### Work instructions
When the data below is printed, every line must match exactly and the images must be absent.

### Information shown
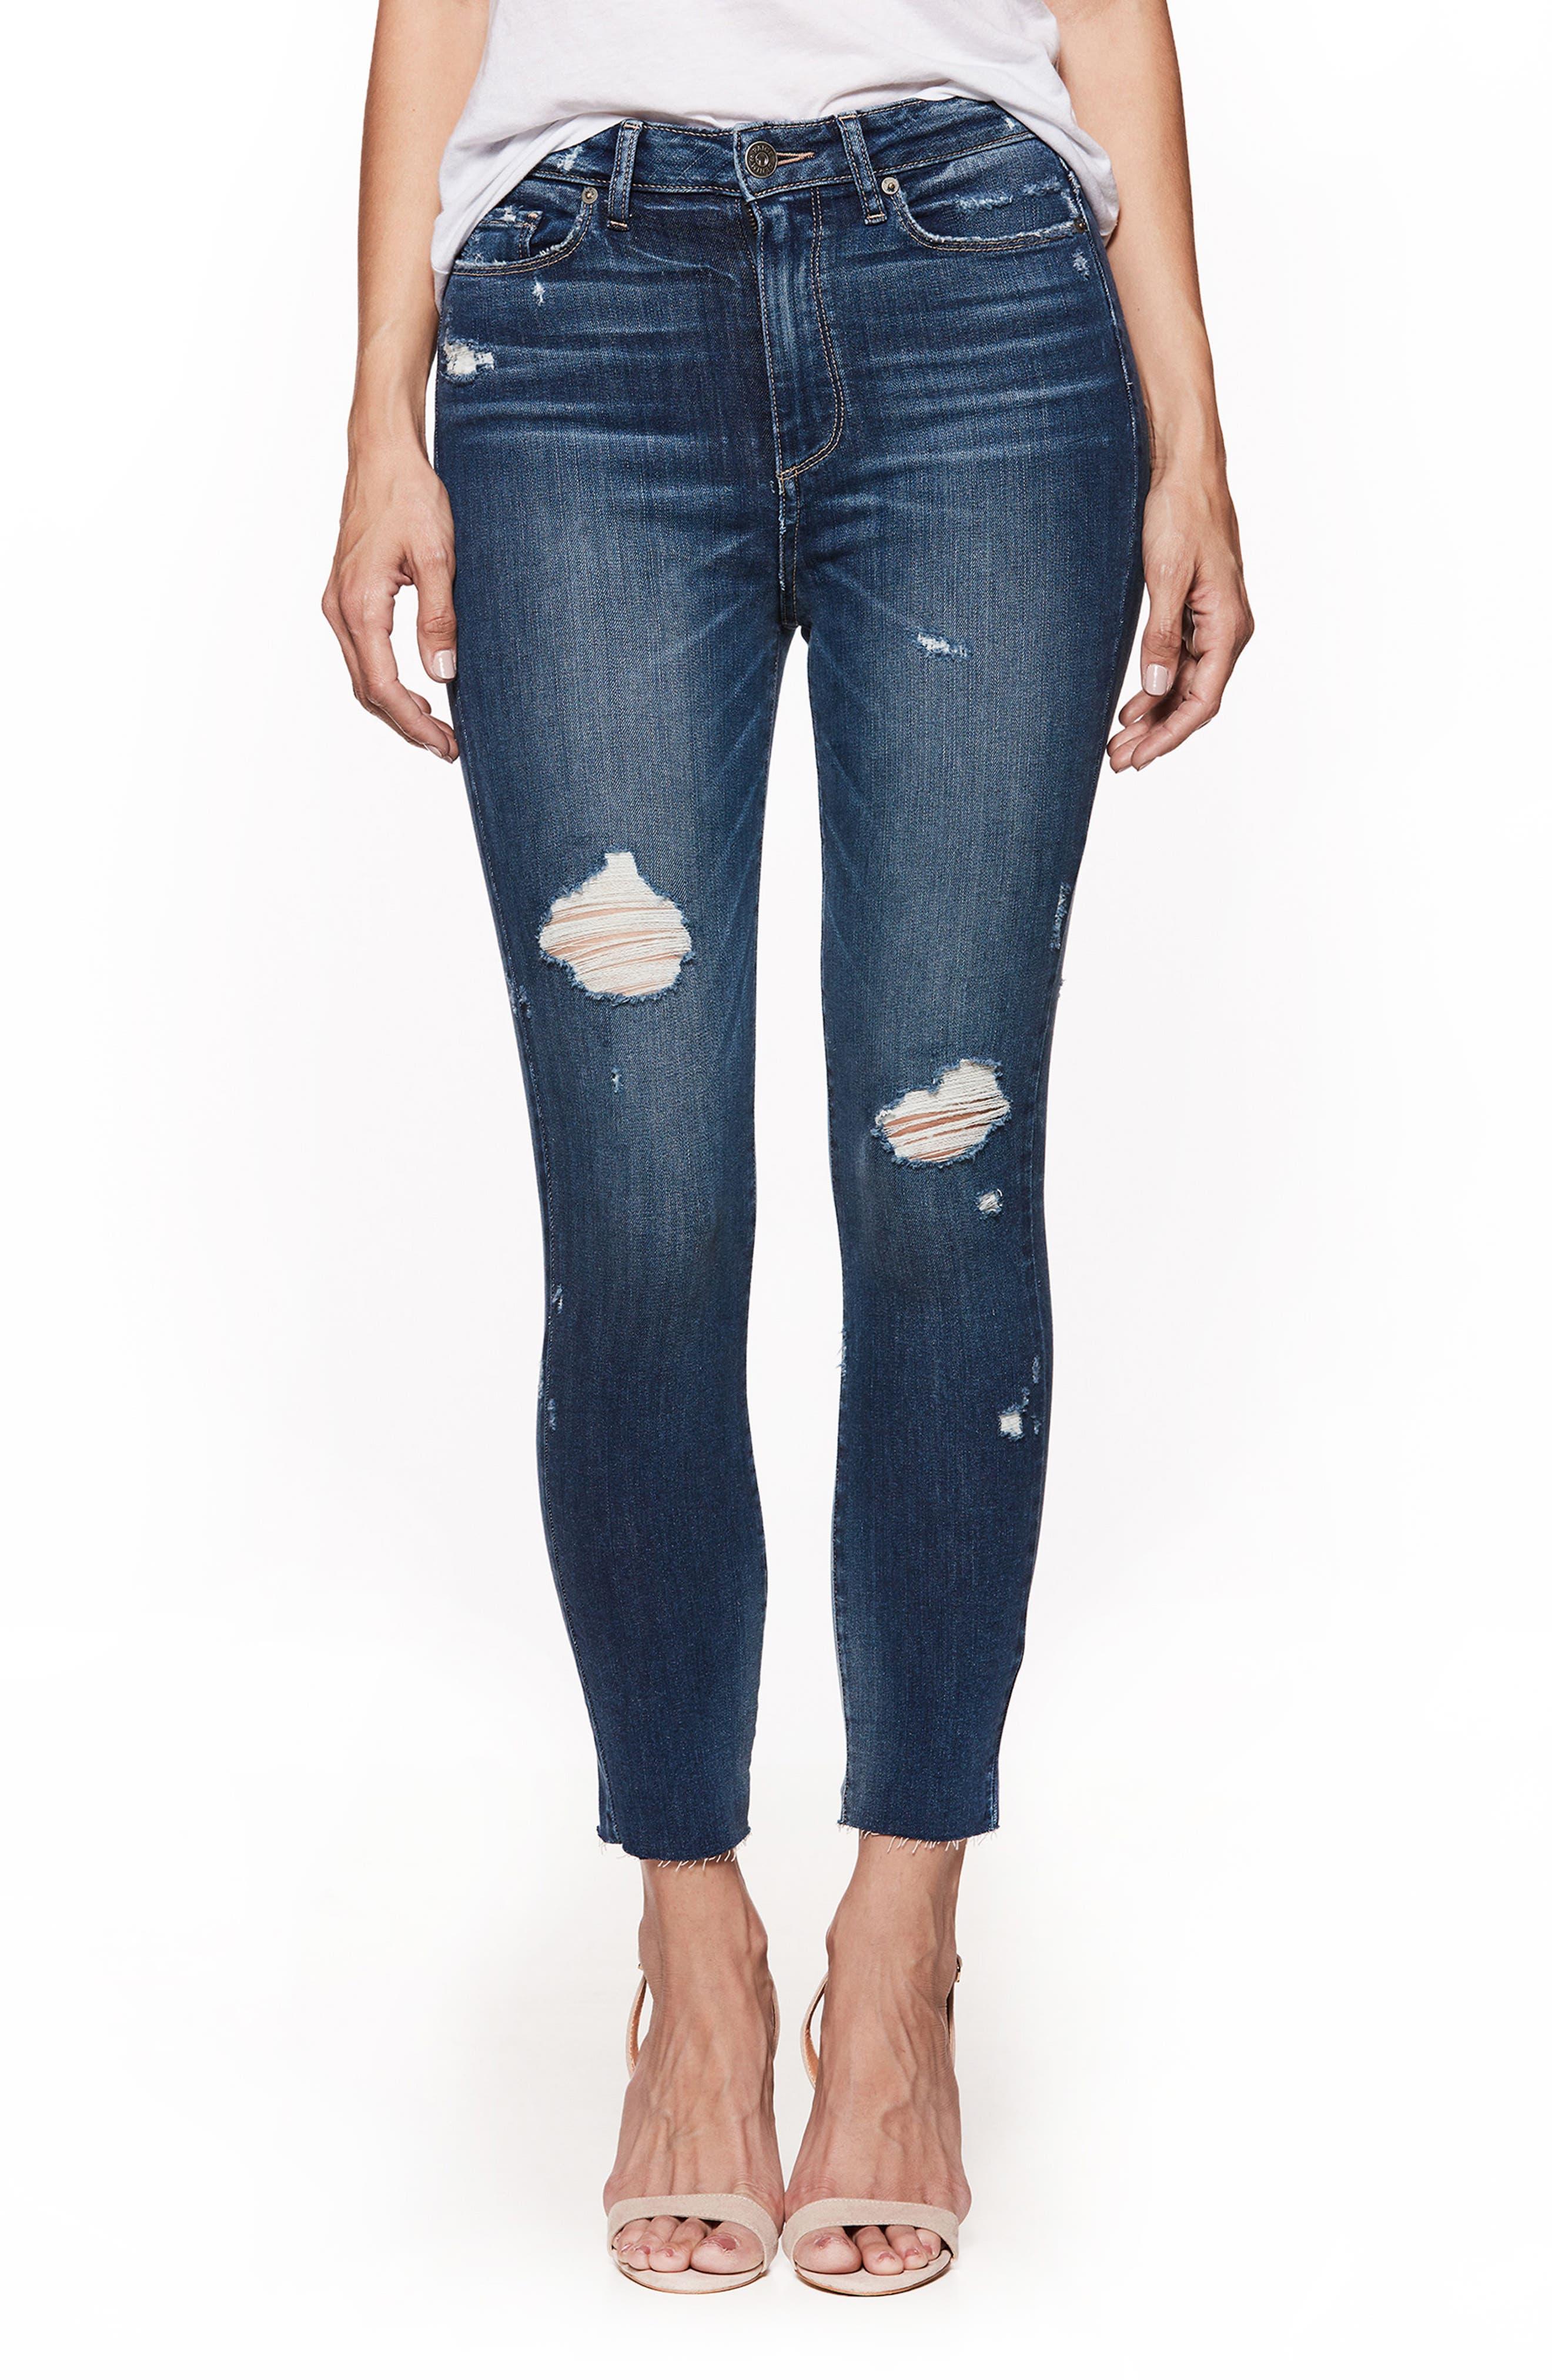 Transcend Vintage - Margot High Waist Crop Skinny Jeans,                         Main,                         color, Cliffs Edge Destructed
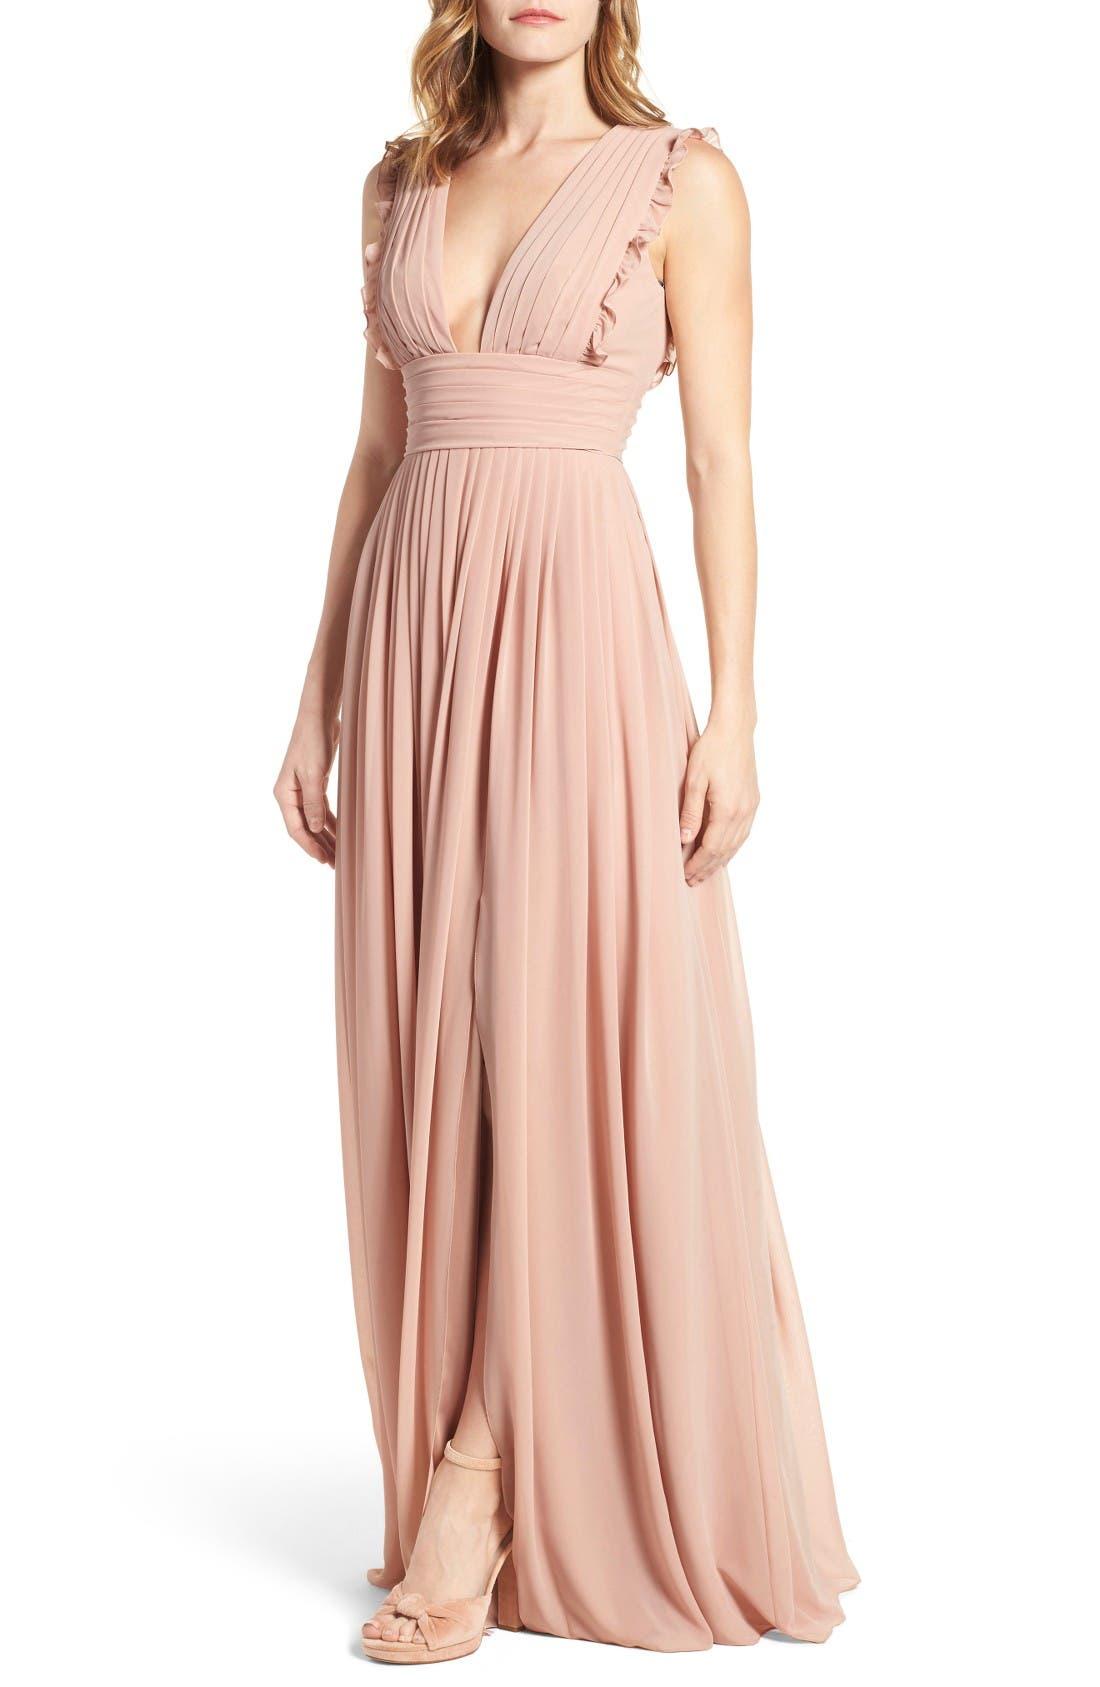 Monique lhuillier bridesmaids dresses gowns nordstrom ombrellifo Images
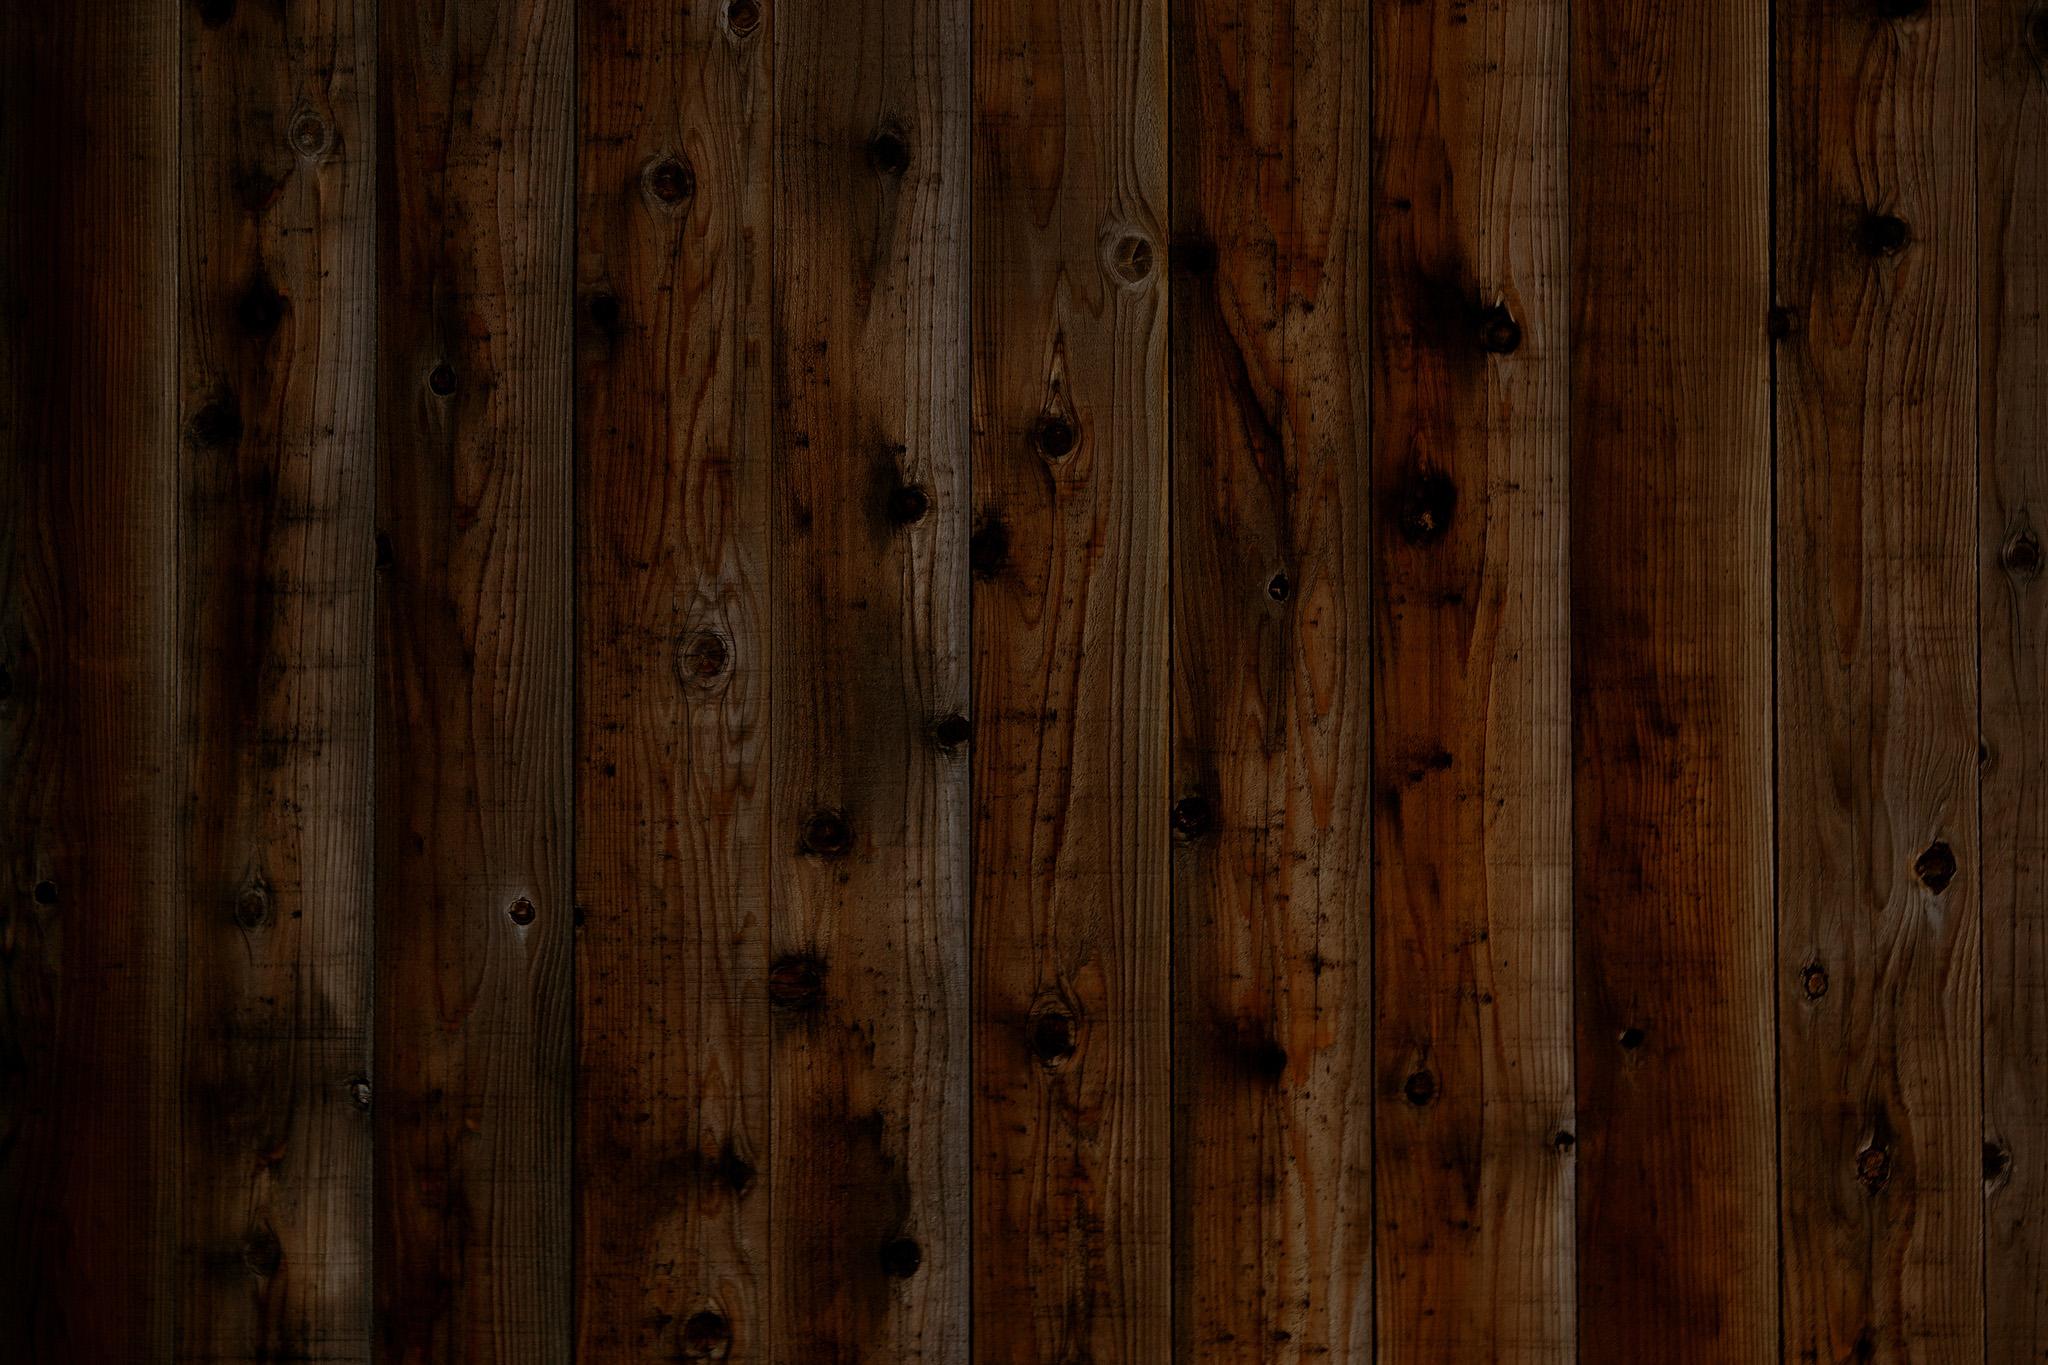 「和風の板の塀」

### Solution for this exercise
 Transcend Vintage - Margot High Waist Crop Skinny Jeans,                         Main,                         color, Cliffs Edge Destructed
 Monique lhuillier bridesmaids dresses gowns nordstrom ombrellifo Images
 「和風の板の塀」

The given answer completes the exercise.